A Lisbon native on her favorite way to eat Portugal’s sanctified salt cod.
In a country where the humble salt cod is almost sanctified, and where they say there are at least 365 different ways to cook it, my favorite dish—as a lisboeta—is one that is claimed to have been invented in my home city. I just can’t help myself: when I see bacalhau à Brás on a menu I find it hard not to order it. It’s a complicated name—it is pronounced baka-low, to rhyme with wow, with the lh sound similar to the gl in Italian—for what is, in essence, quite a simple preparation using straightforward ingredients.
The salt cod is rehydrated until it is rendered juicy again, and the flakes of fish are separated and mixed together with crispy shoestring fries and lightly scrambled eggs. It’s a common staple in tascas—those humble little restaurants found across Portugal, that are often mom-and-pop affairs—as well as in some of the most high-end restaurants.

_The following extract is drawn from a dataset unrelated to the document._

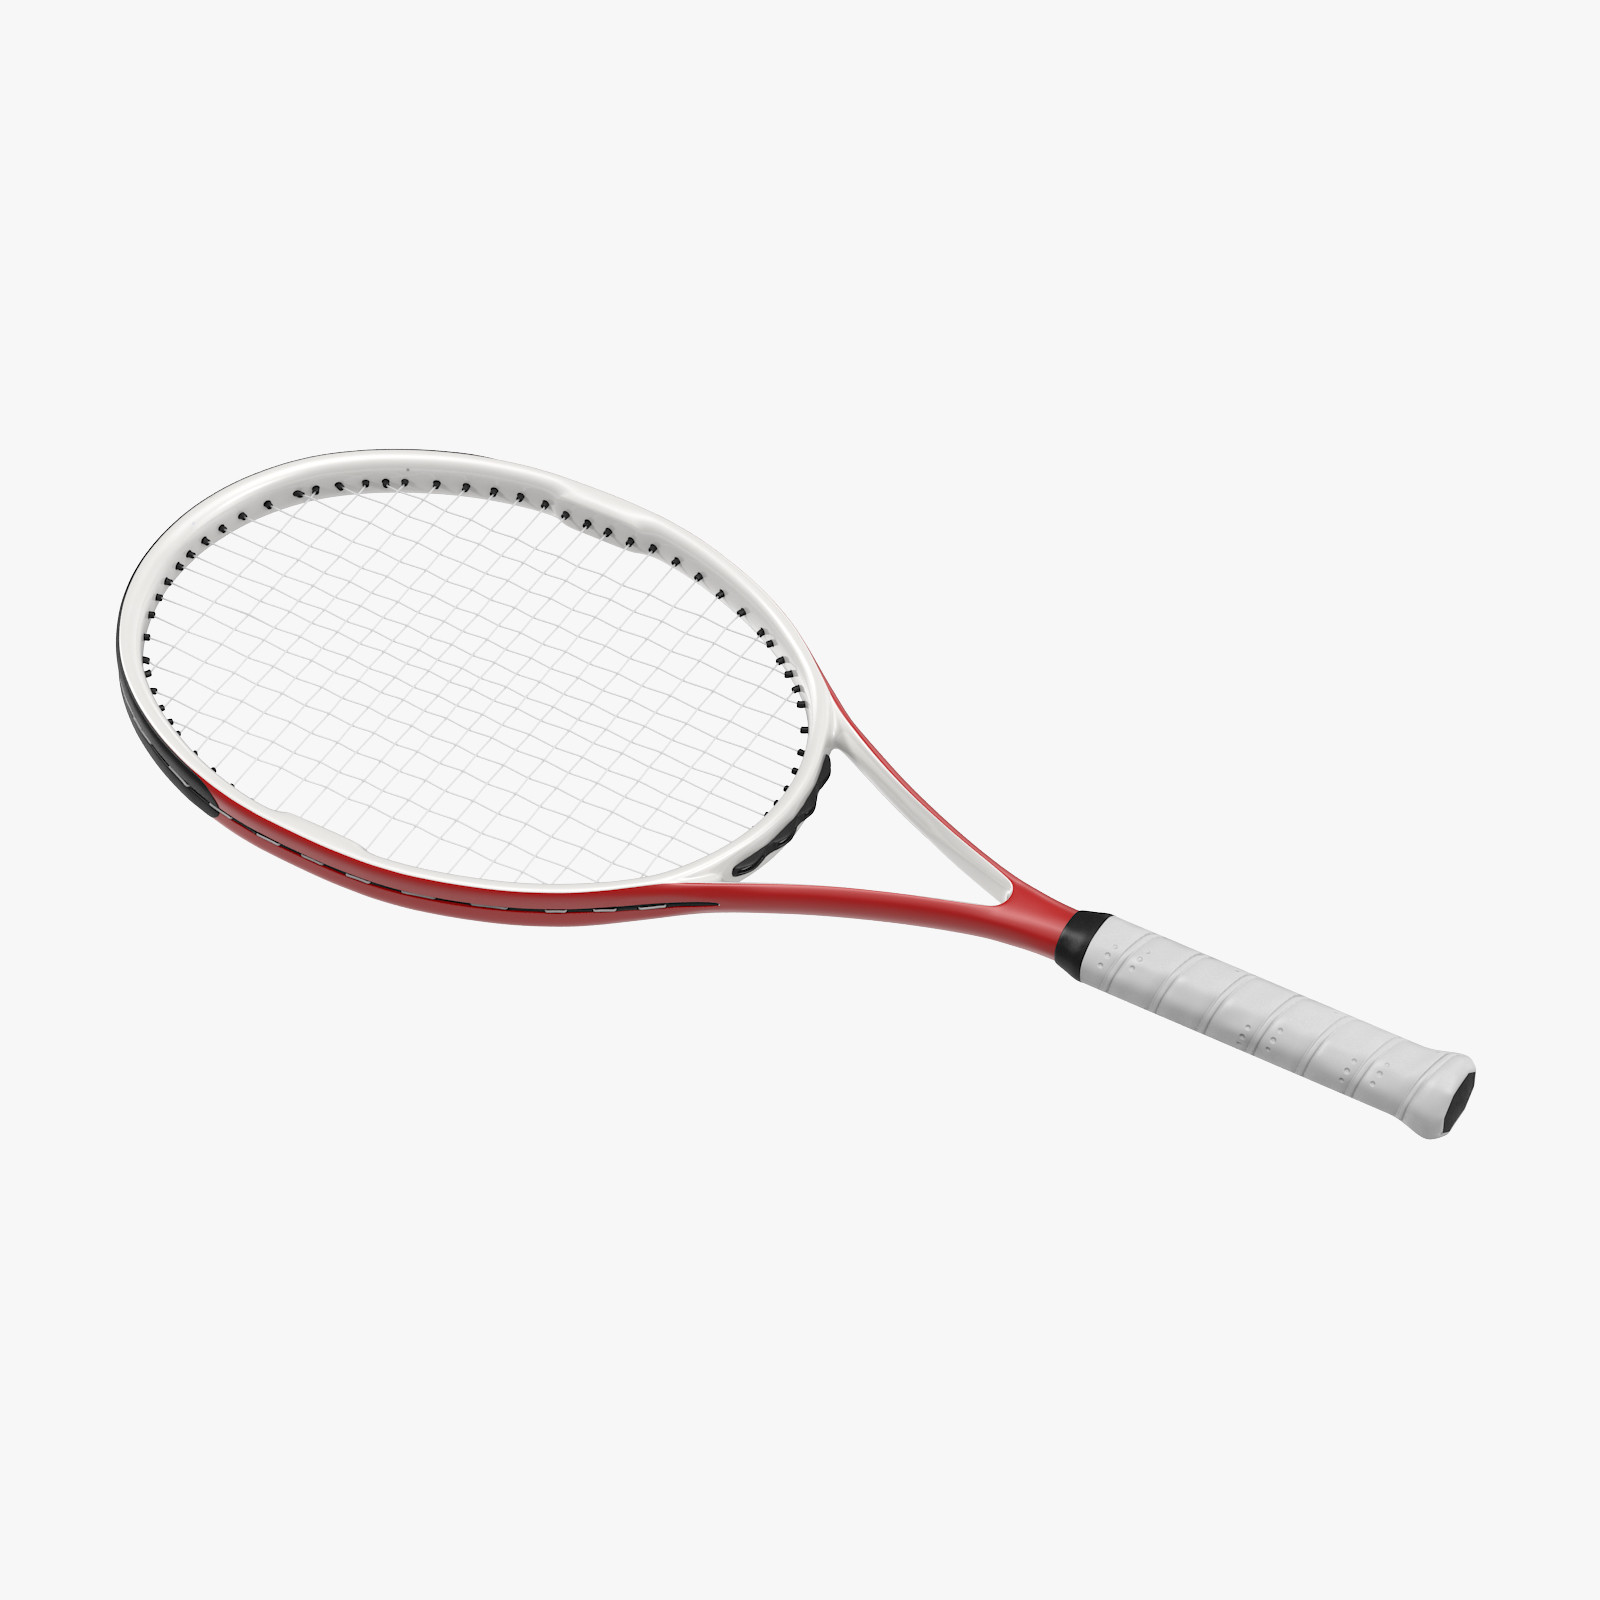 Tennis_Racket_01_Thumbnail_Square0000.jpg

Bacalhau à Brás can take salt cod to another level or easily downgrade it to a salty and disappointing mash. I’ve seen outlandish versions created by some of the country’s top chefs, but I’m a puritan about it: it’s the simplicity of flavors that take me back to childhood that I crave, not a wobbling tower created from twirls of potatoes held together with fish and eggs. As a newspaper journalist, working long shifts, this was the meal that would fortify me and keep me going as the old daily print deadline began to loom.
The story goes that the dish was invented in a tasca in Bairro Alto owned by a man named Braz (modernity saw the spelling change to Brás), probably a member of the large community who had emigrated to Lisbon from Spanish Galicia in the late 19th century. In a waste-not-want-not eureka moment that would make any nose-to-tail chef proud, Braz used up what were seen as the less noble parts of the fish, scraping everything from the bones then shredding it all and mixing it with eggs and potatoes. He created something quite delicious. The date of his moment of genius cannot be accurately pinpointed but the dish is there in the seminal book “Culinária Portuguesa” published in 1936, by António Maria de Oliveira Bello, though it is called just “salt cod with scrambled eggs”. However in the recipe book “Tratado Completo de Cozinha e de Copa,” written by Carlos Bento da Maia in 1904, there’s not yet any mention of this or a similar dish.
When I make bacalhau à Brás at home, I gently fry onions and garlic in olive oil until they’re translucent and soft, then I add my lovely cod. I mix the crispy fries (you can actually use shop-bought matchstick potato chips) with the eggs and then I fold the whole thing together. I place a nice little pile at the centre of each plate and garnish it with a squeeze of lemon, chopped black olives and parsley.
If you’re in Lisbon, try bacalhau à Brás in a tasca, where it will be served on a very traditional oval-shaped silver dish. My tip is to head to Imperial de Campo de Ourique. Though there isn’t it a certain day to find it, in summer is usually on the menu on Tuesdays and Saturdays. This is an old-school place, led by João and Adelaide Gomes in the Campo de Ourique neighborhood. He serves, she cooks. Their son Nuno also waits tables. They are from Ponte da Barca, a land of lush landscapes and crispy vinho verde in Minho (north of Porto) and have been living and working in Lisbon for the past 50 years. Even more generous than the portions is João welcoming the clients, with joy and a smiling face. He will tie a bib around your neck with a flourish.
Adelaide Gomes’s version of bacalhau à Brás is made with homemade golden shoestring fries, quality olive oil, plenty of salt cod and a lot of love.
And if I can be so bold—anything but fish in bacalhau à Brás is not right. If you want to mix up chicken or leeks with eggs and potatoes, then call it something else. You might wonder why we love a dried old fish so much when we have some of the world’s best fish caught fresh almost every day not far out from our shoreline but we do—it’s like bacalhau is in our blood. There were government-sponsored fishing expeditions (the so-called Cod Campaign) to Newfoundland during the height of our dictatorship in the 20 century and the consumption tripled. Even now, we are the biggest consumers of cod in the world (per capita), importing mostly from Norway and Iceland.
Bacalhau à Brás can be found all over the country and it’s considerate a children’s favorite. It was certainly mine when I was growing up. My mother and grandmother would cook this recipe weekly because they knew how much my brother and I adored it. In my family, using garlic only (no onions) was the preferred option, so sometimes I cook it that way too.
Many years later, when I started to work in daily newspapers, I was lucky enough to choose from many tascas and restaurants in the area. At the end of the 1980s, the Lisbon press was still located in Bairro Alto, coincidentally the home of the original Braz recipe and tavern. Whenever possible, I would drag my colleagues to lunch at places like O Caracol—a restaurant that is still around, unlike many of Lisbon’s newspapers—because of this dish.
My favorite comfort food can be also be a breakfast dish, at least according to my friend, the Scottish writer Audrey Gillan. I have never eaten it in the morning, but I might just start doing that with the leftovers of last night’s dinner.